Data:

^^^^^^^^

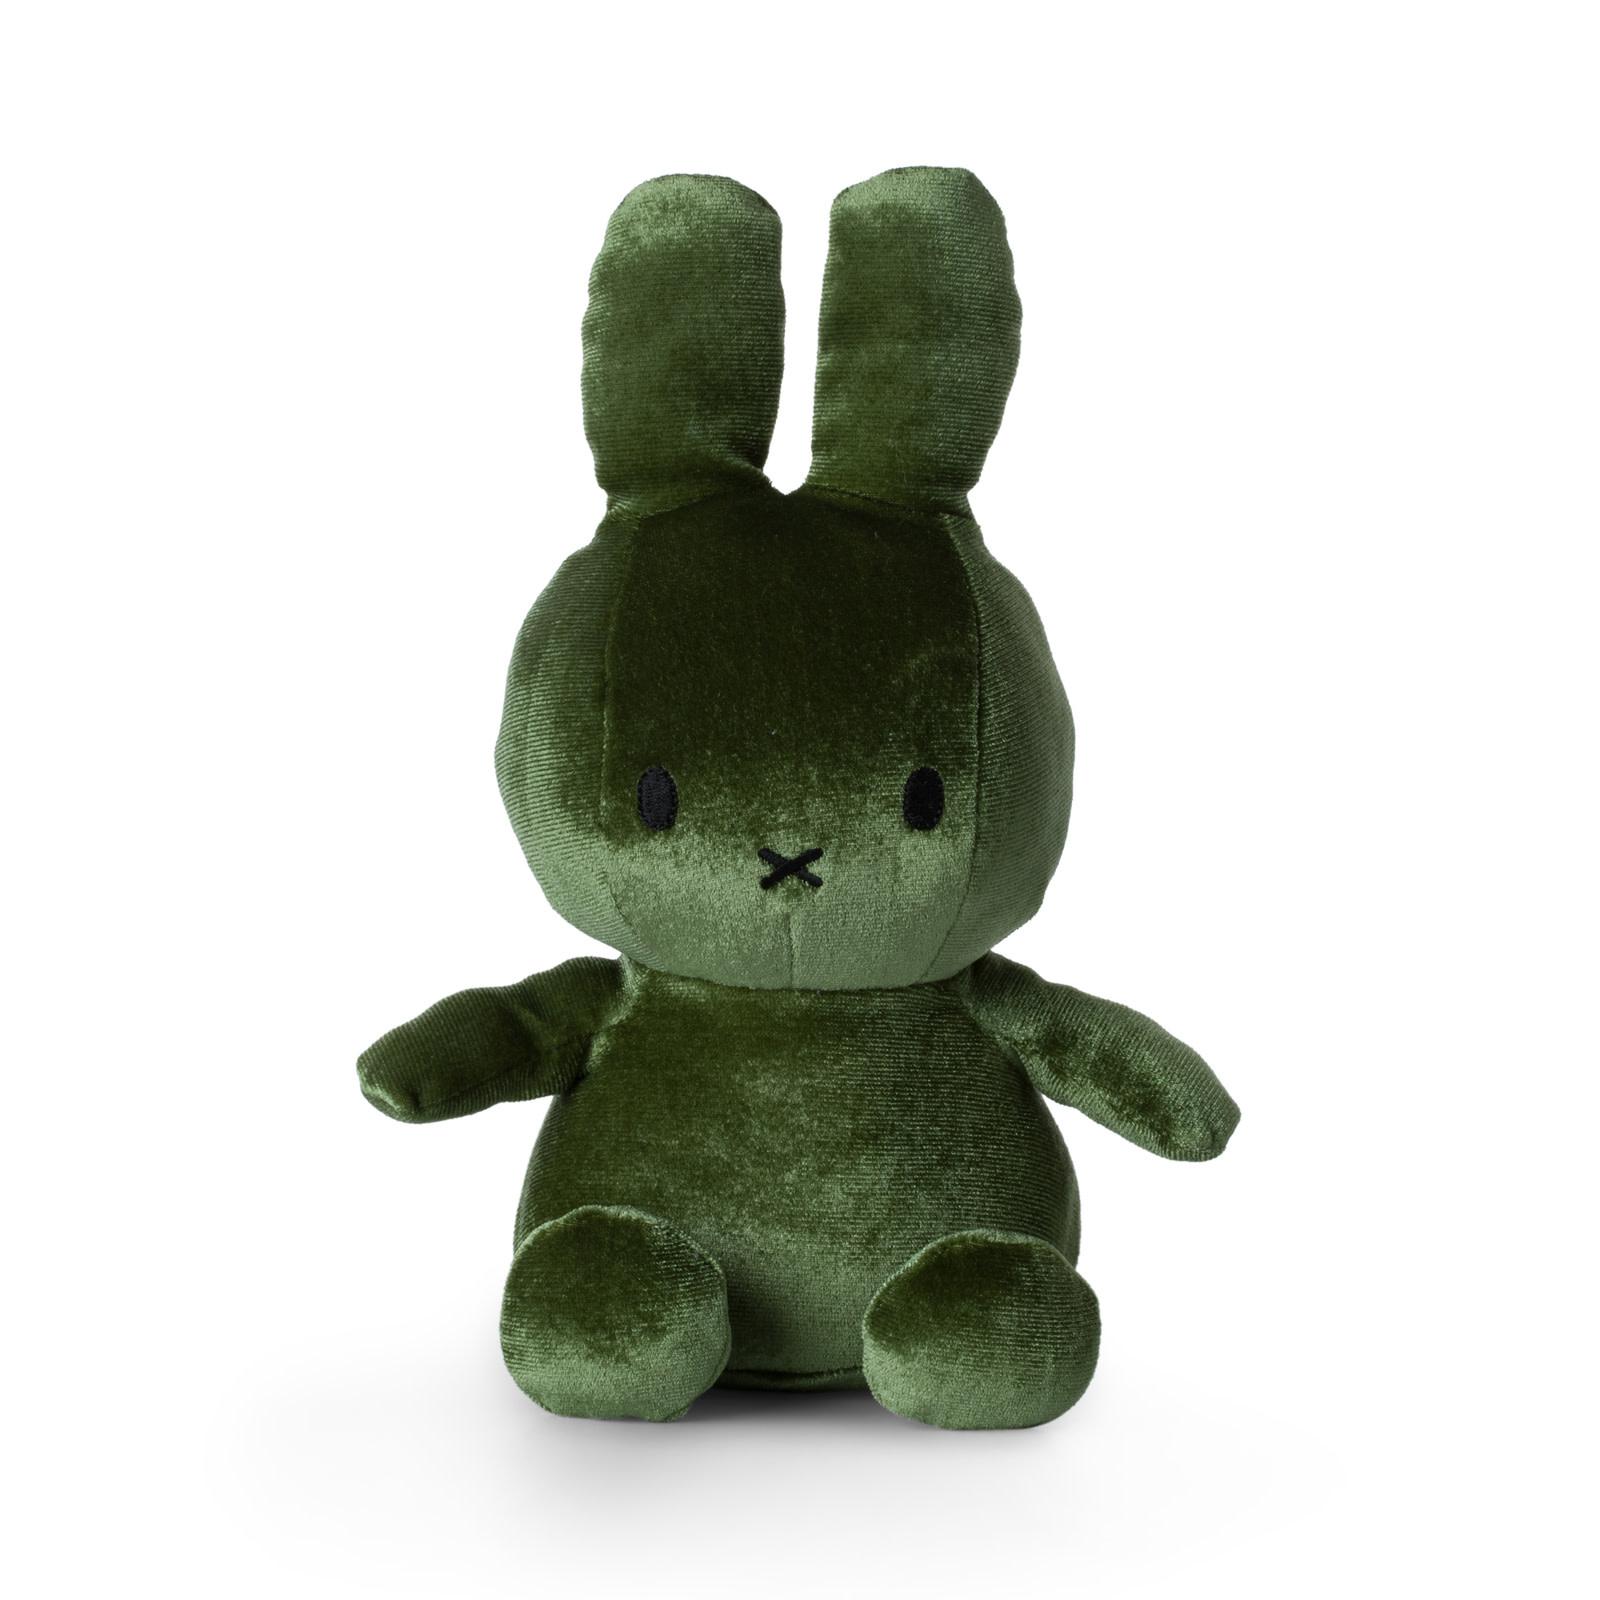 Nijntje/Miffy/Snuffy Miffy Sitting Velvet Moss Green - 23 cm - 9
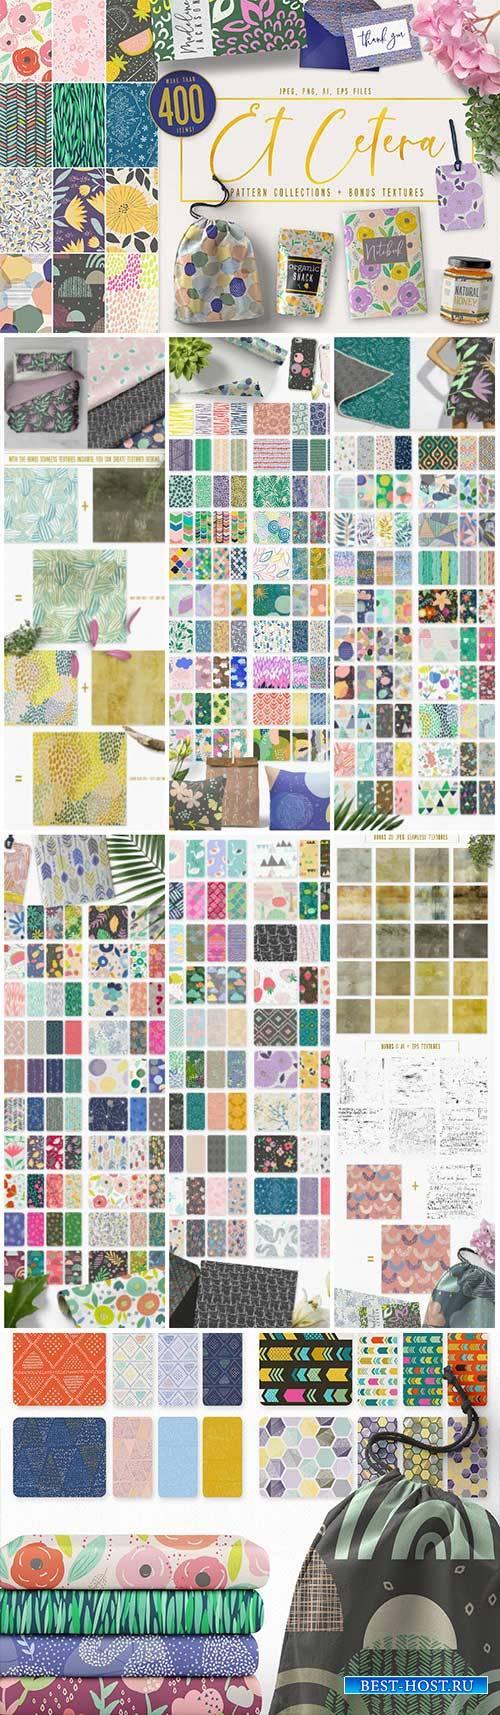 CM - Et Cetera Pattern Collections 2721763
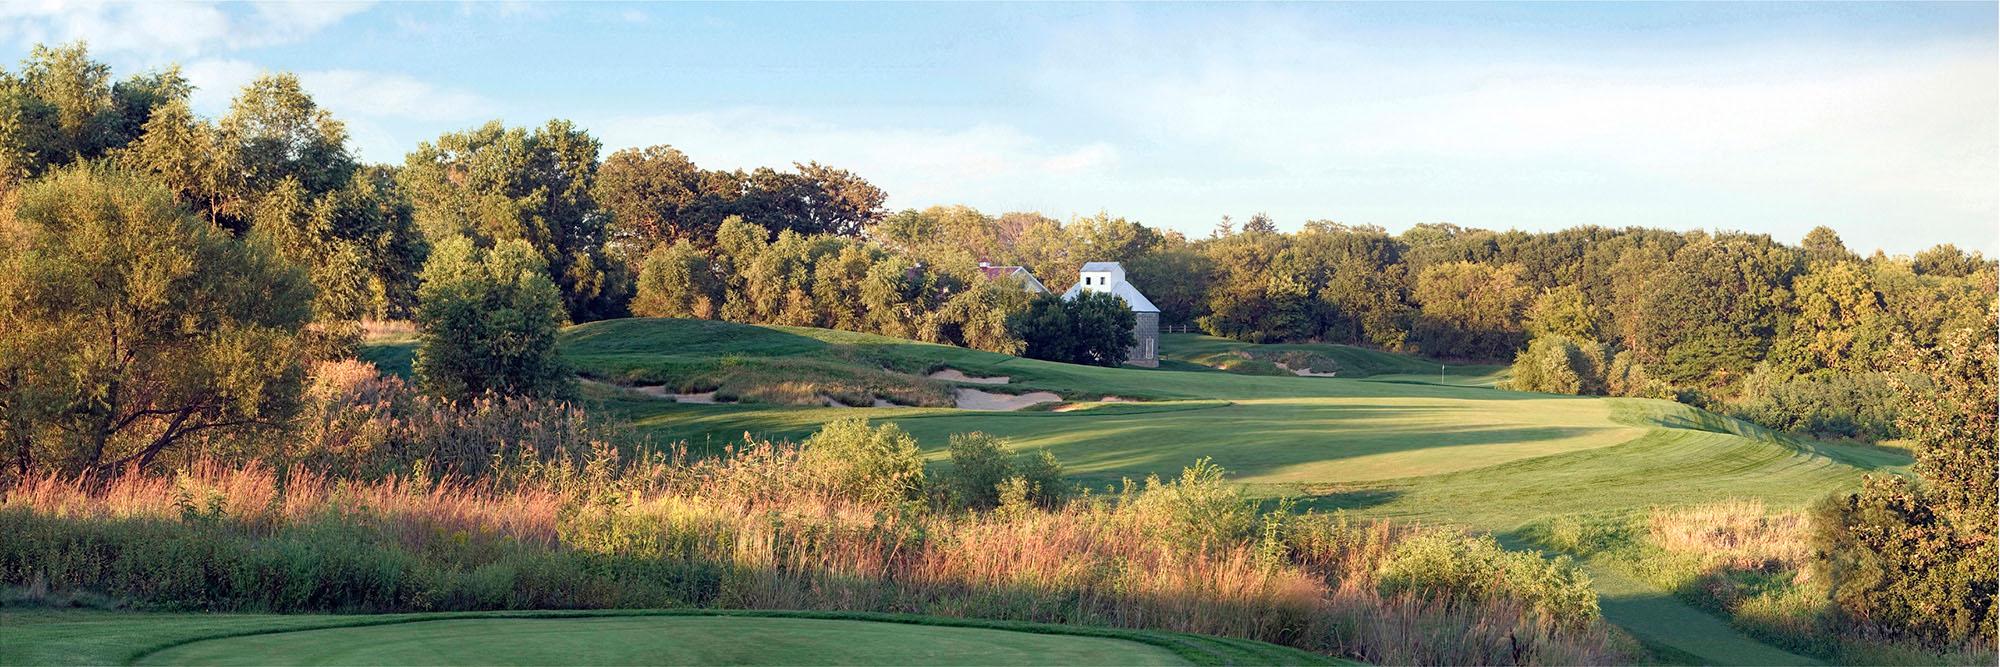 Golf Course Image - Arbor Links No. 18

^^^^^^^^

About this exercise:
Could you retype every line above exactly as it appears, skipping the pictures?

Answer section:
 Nijntje/Miffy/Snuffy Miffy Sitting Velvet Moss Green - 23 cm - 9
 CM - Et Cetera Pattern Collections 2721763
 Golf Course Image - Arbor Links No. 18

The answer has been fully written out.